Since its start nearly three decades ago, Studio Ghibli has been dominated by the creativity of co-founders Hayao Miyazaki and Isao Takahata. But since the turn of the millennium, five of its 10 feature films have been made by other, younger directors.
One reason is that Ghibli releases about one film a year, but Miyazaki and Takahata preferred a more deliberate pace. The gap between the two most recent Takahata films was 14 years, while Miyazaki spent five years on his last full-length animation, 2013’s “Kaze Tachinu (The Wind Rises),” before announcing his retirement in September 2013. Ghibli seems to have prepared for the inevitable changing of the guard by giving its younger animators chances to direct.

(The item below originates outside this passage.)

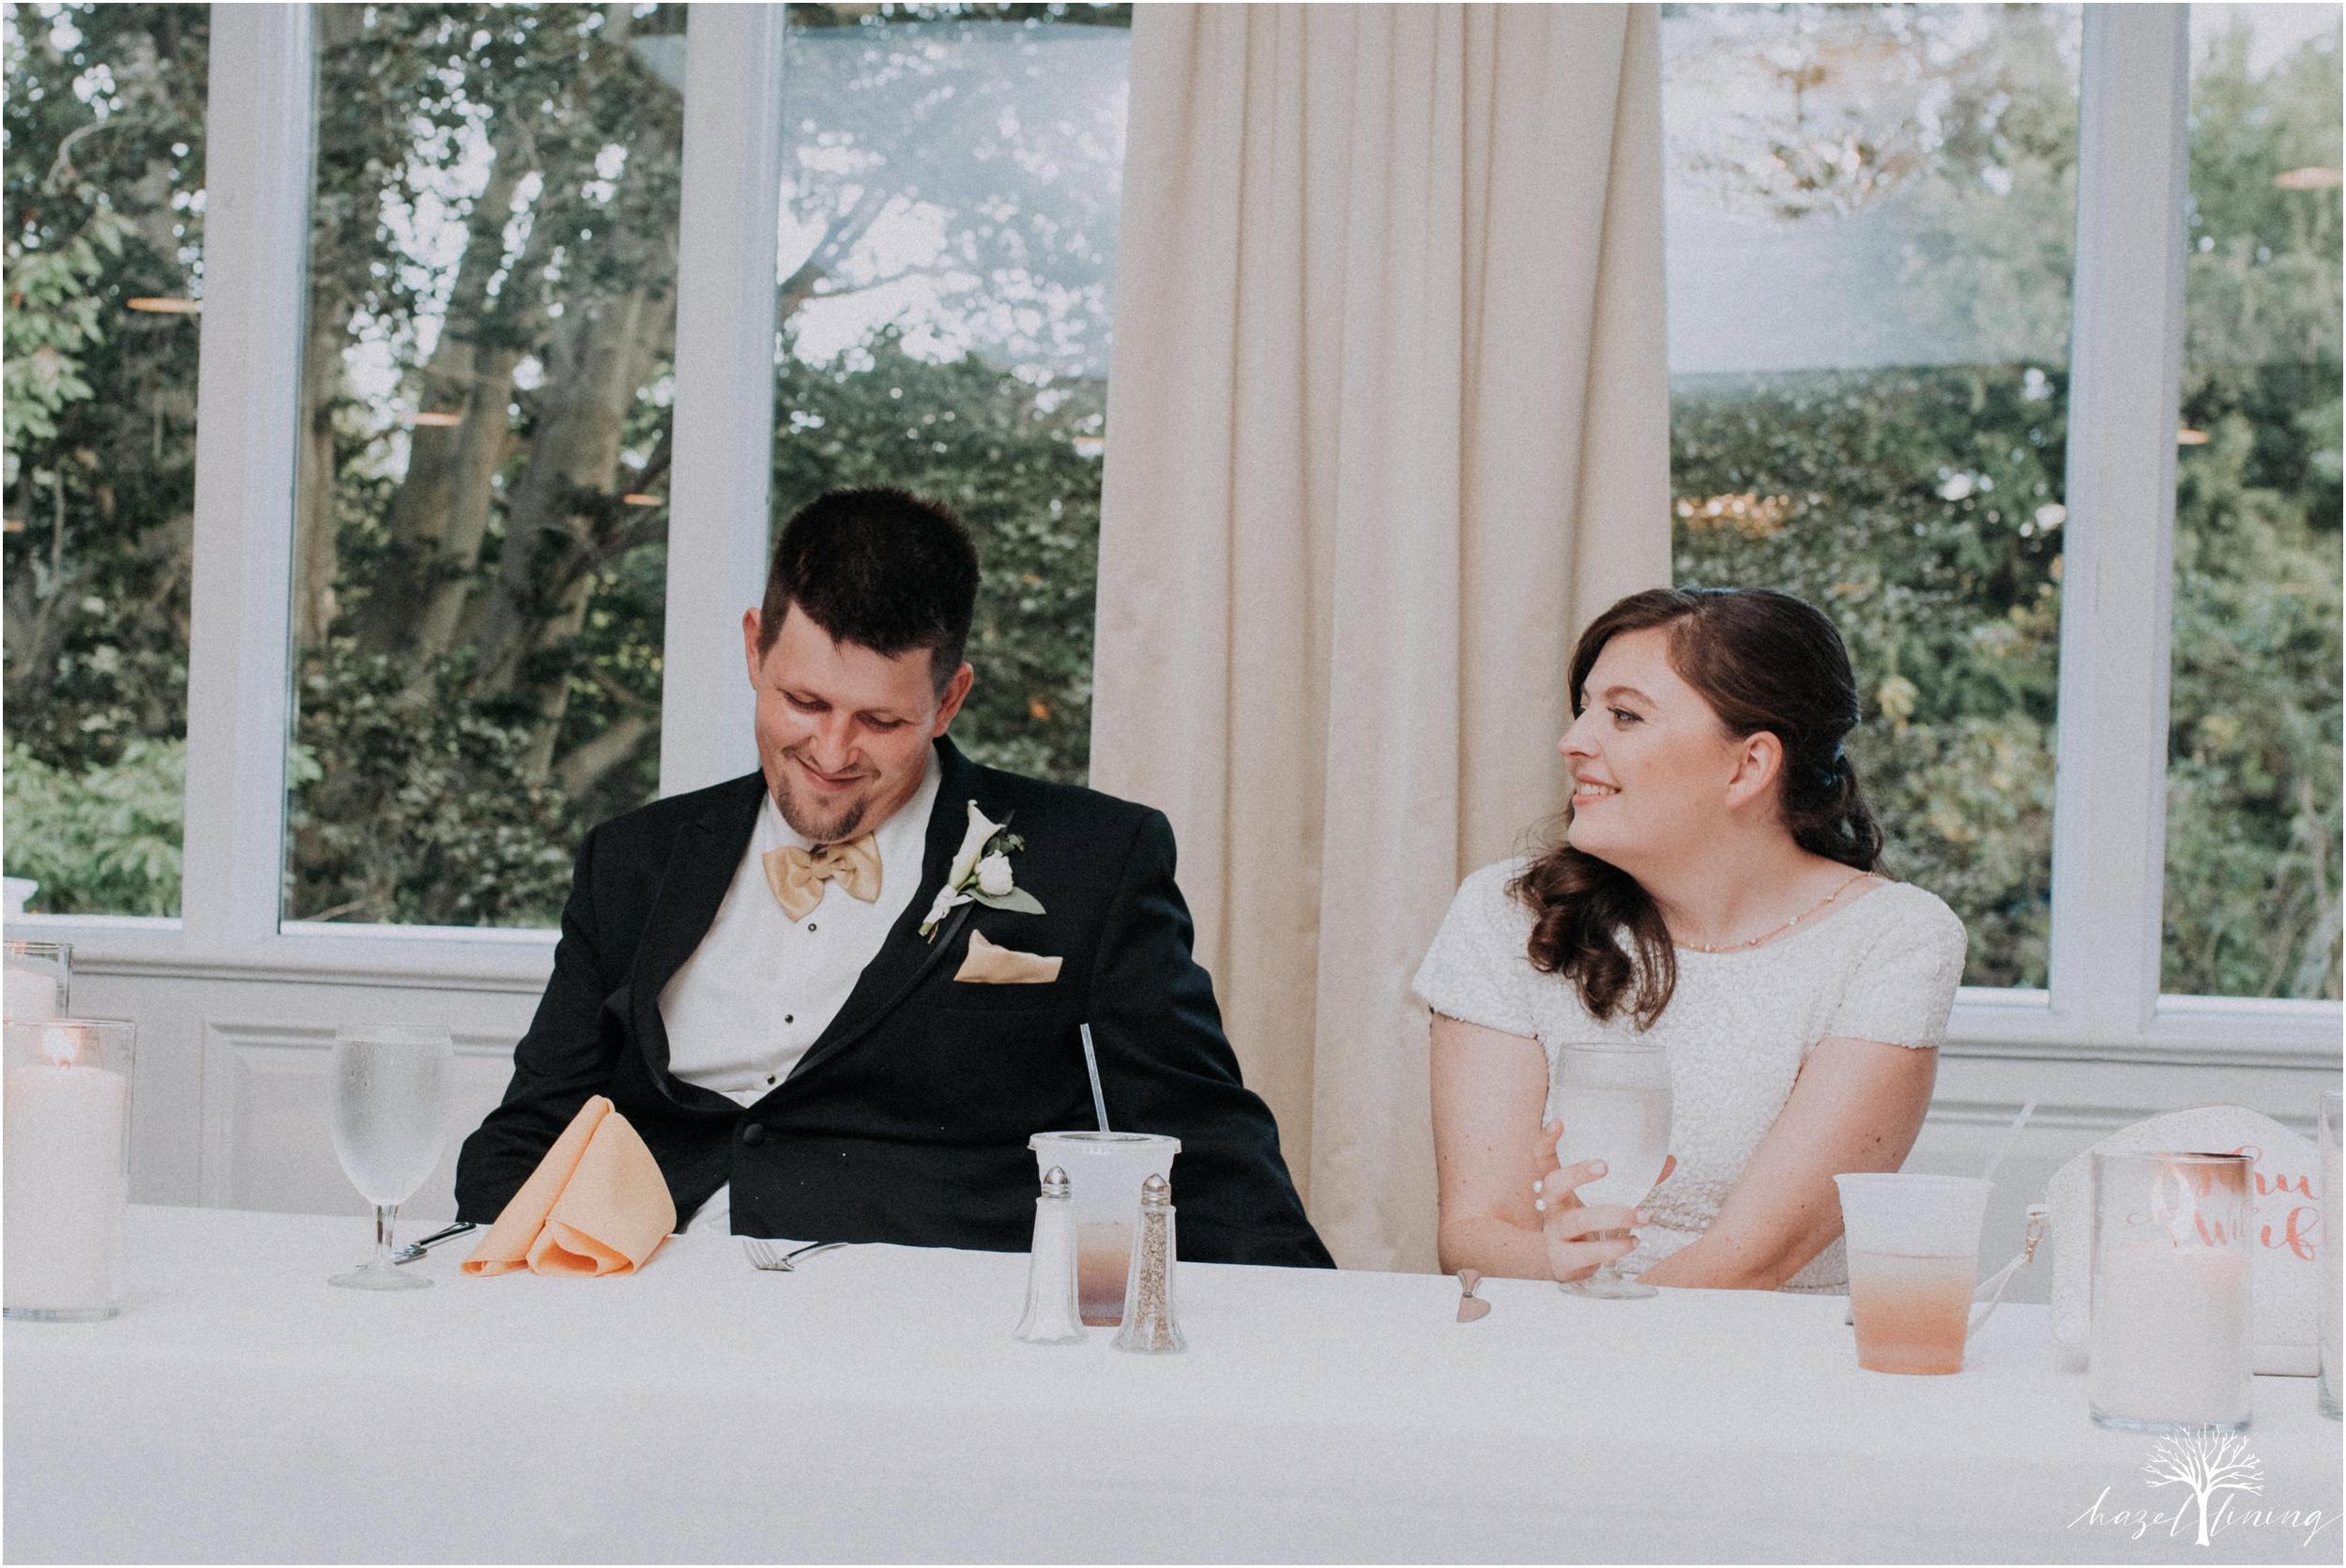 elizabeth-doelp-andrew-foreback-middletown-country-club-summer-langhorne-pennsylvania-wedding-hazel-lining-travel-wedding-elopement-photography_0139.jpg

One of those directors, Hiromasa Yonebayashi, had a hit in 2010 with “Karigurashi no Arrietty (Arrietty)” and now, with his new animation “Omoide no Marnie (When Marnie Was There),” he has made the first Ghibli film without Miyazaki or Takahata’s names anywhere on the credits. Based on a 1967 children’s book by British writer Joan G. Robinson, it is also the studio’s first film with two heroines: Anna (voiced by Sara Takatsuki), an unhappy 12-year-old orphan who calls her kindly adoptive mother “aunt,” and Marnie (Kasumi Arimura), an outgoing, if mysterious, blonde-haired girl who Anna befriends while spending a summer on the Hokkaido coast with her mother’s relatives.
It quickly becomes apparent, however, that Marnie is not what she seems and that the story will be more than an ode to budding female friendship. It is, instead, a hybrid that combines familiar Ghibli elements — from meticulously observed details to gorgeously realized landscapes — with a script by Yonebayashi that departs from the concerns and motifs Miyazaki made his signatures.

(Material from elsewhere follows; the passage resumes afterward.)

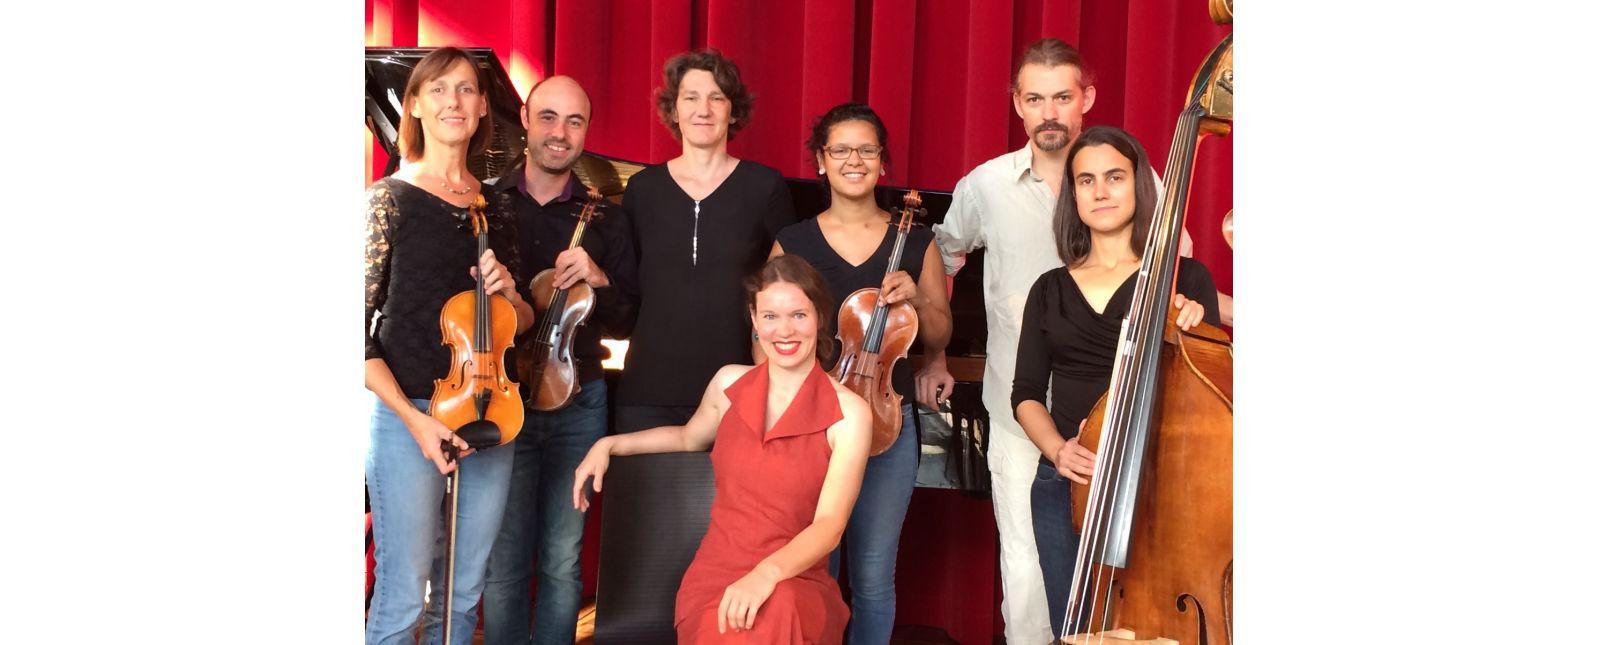 Ensemble des Kammerkonzerts //  Theater Freiburg / 2018

That is, he has not tried to make a Miyazaki film by proxy, and “Marnie” is all the better for it. If this film is indicative of Ghibli’s future direction, Miyazaki can rest easy in retirement. (Takahata, aged 78, has yet to call it quits.) At the same time, Yonebayashi is no Miyazaki-like genius transcending the limits of his material with daring imaginative flights; he has turned in a solid adaptation, squarely aimed at girls the same age as his heroines, made with the sort of tugs to the heartstrings Miyazaki disdained (though he has loudly praised the film to the media).
Anna is a sensitive, socially awkward loner who barely cracks a smile to the warm-hearted couple caring for her over the summer in their cozy Hokkaido cottage. She has come to them for relief from her chronic asthma and, her worried adoptive mother hopes, to make friends with the neighborhood children.

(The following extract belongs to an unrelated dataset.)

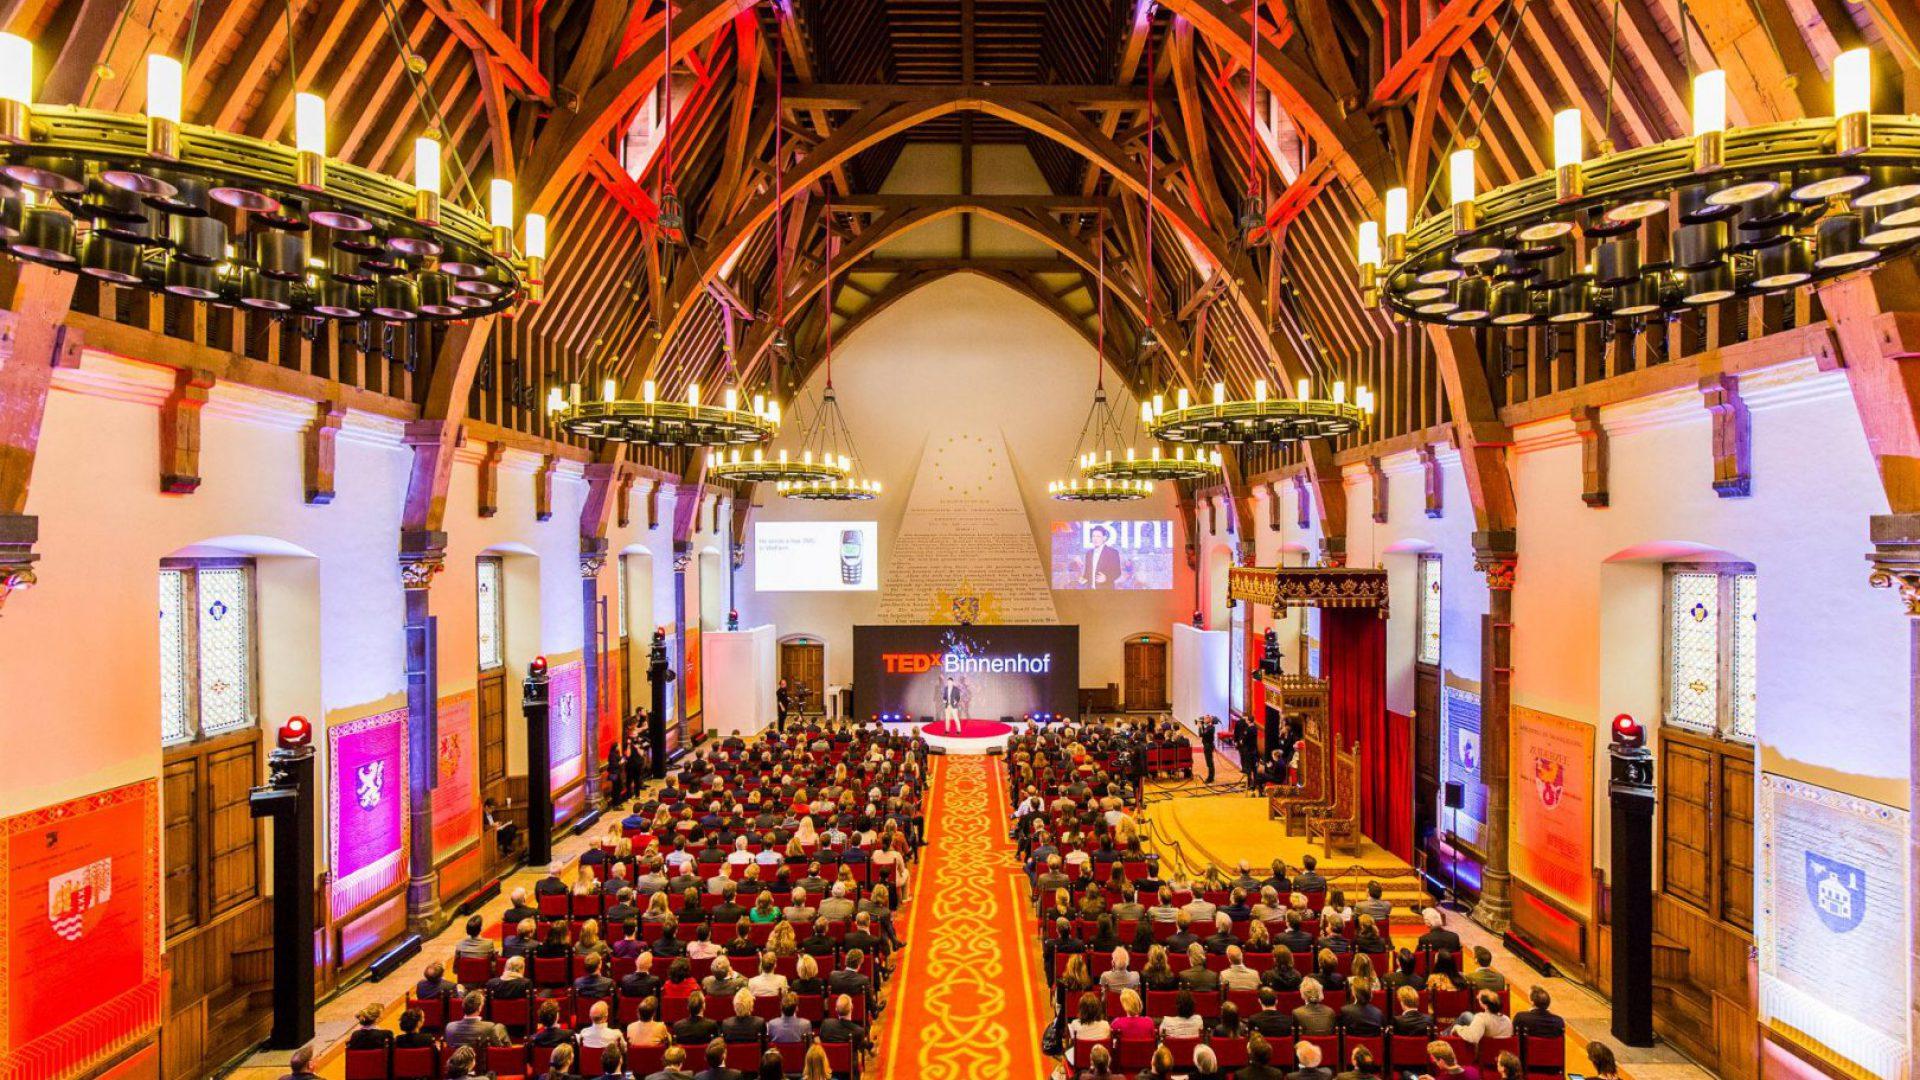 Tedx Europe

Exploring a nearby inlet with sketchbook in hand, Anna happens on a large, dilapidated summer villa by the water that looks uninhabited — until she spies a girl behind a second-story window, having her long blonde hair brushed by an elderly woman.
Later, after a bruising encounter with a local girl at a town festival sends her running away angry and in tears, Anna returns to the inlet. This time she meets the blonde-haired girl, Marnie, who is eager to escape her gilded cage of a house that both fascinates and frightens Anna. Smilingly overcoming Anna’s initial shyness, Marnie quickly makes her a friend and confidante. “Let’s keep us a secret, forever,” she says, and Anna agrees.
Soon, Anna is telling Marnie things she has never told anyone, while Marnie introduces her to the nighttime revels at the villa, presided over by Marnie’s stylish socialite mother. In the daytime, however, the villa looks as abandoned as ever. What is going on here? A lonely girl’s unusually vivid fantasy/dream life? Perhaps a huge silo that terrifies the usually unflappable Marnie hold a clue?
All is finally illuminated, with a humanistic realism that is more Takahata than Miyazaki — see the former’s 1991 film “Omohide Poro Poro (Only Yesterday)” for a good example — though “Marnie” does not entirely escape the uncanny, or even want to. Scenes in the villa brought back memories of “The Shining,” though not the hotel’s terrifying Room 237. Meanwhile, Anna sees Marnie, not as an exotic Other but as a friend who, however elusive, is essential to her at the deepest level for both her present happiness and her future growth.
Is she real? Does it matter? Marnie rows the enraptured Anna about in a boat with brisk confidence, but she also teaches her to do it herself. That’s what counts, isn’t it?
Fun fact: Hiromasa Yonebayashi’s previous Ghibli film, “Kashigurashi Arrietty (Arrietty),” was also based on a work of fantasy by a British author: “The Borrowers” by Mary Norton. The 2010 film earned $145 million worldwide and won animation of the year at the 34th Japan Academy Prize awards.